Exercise goal |
Entries follow. Give back exactly the lines starting at the one containing "DMV Handicap Parking" and ending at the one containing "Lyst - Fendi", and no other lines.

Excerpted records |
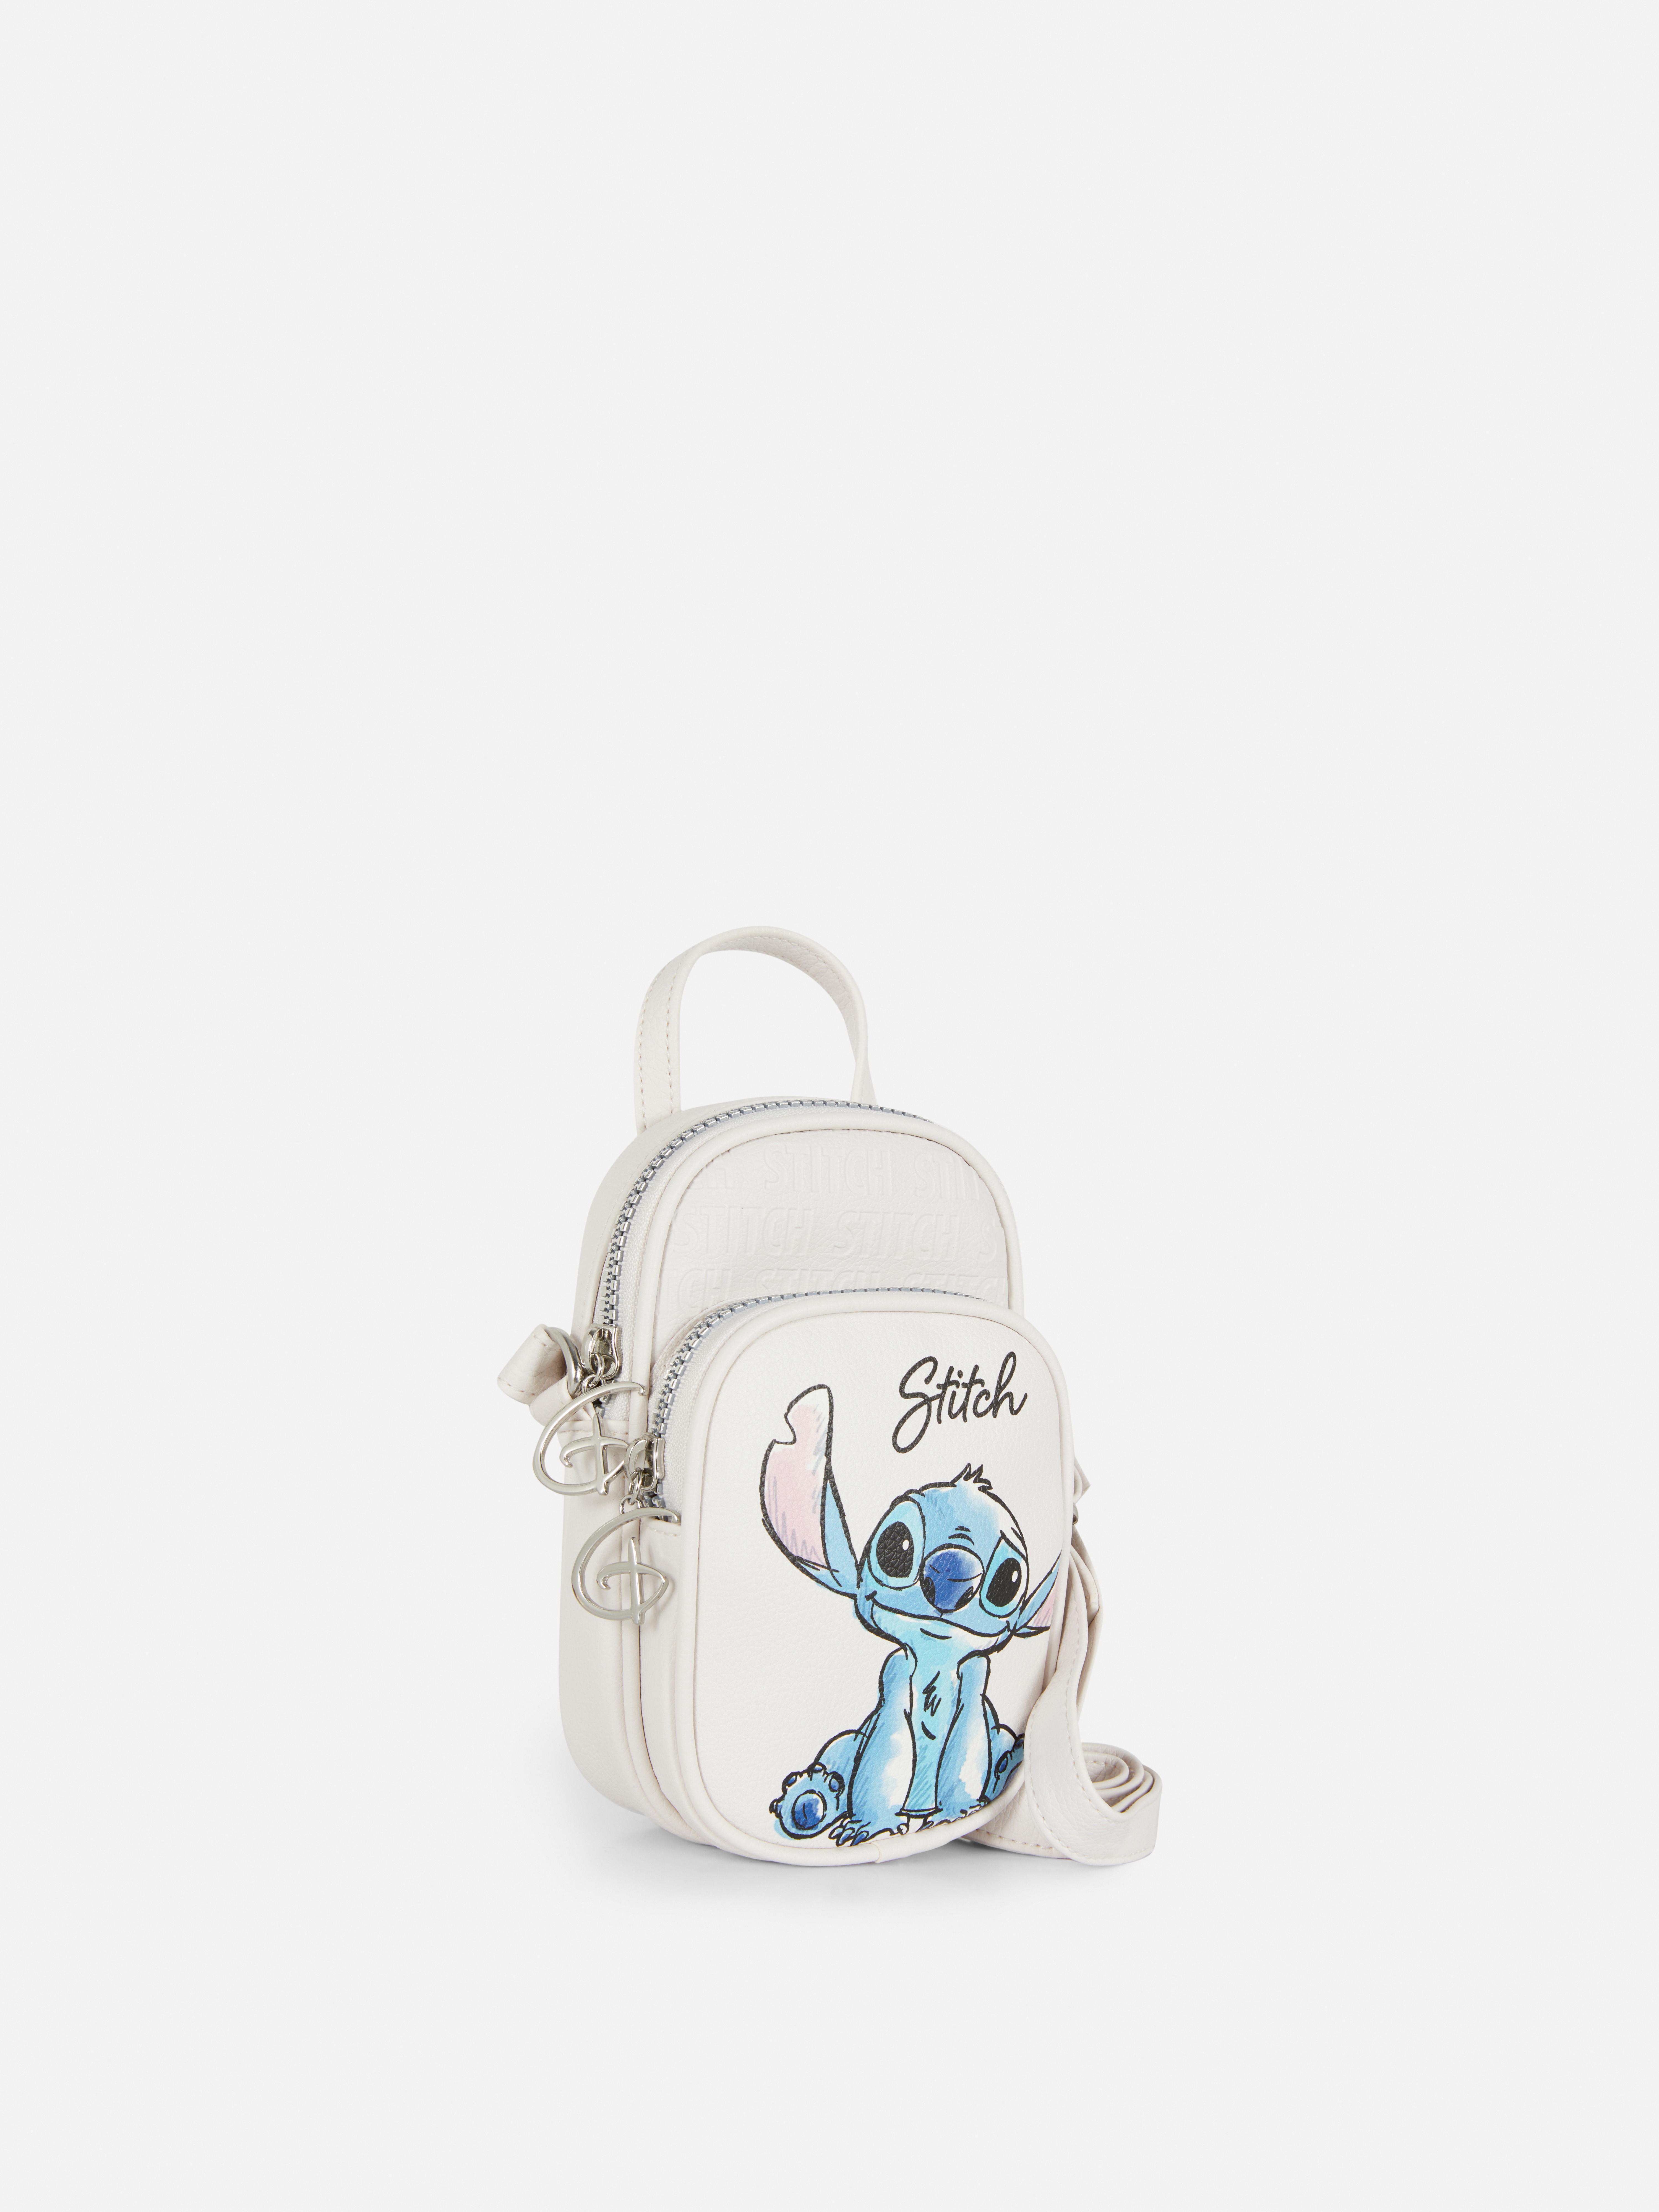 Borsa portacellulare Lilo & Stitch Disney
--
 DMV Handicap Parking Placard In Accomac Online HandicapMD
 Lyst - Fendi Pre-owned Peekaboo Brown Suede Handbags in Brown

Answer box |
 DMV Handicap Parking Placard In Accomac Online HandicapMD
 Lyst - Fendi Pre-owned Peekaboo Brown Suede Handbags in Brown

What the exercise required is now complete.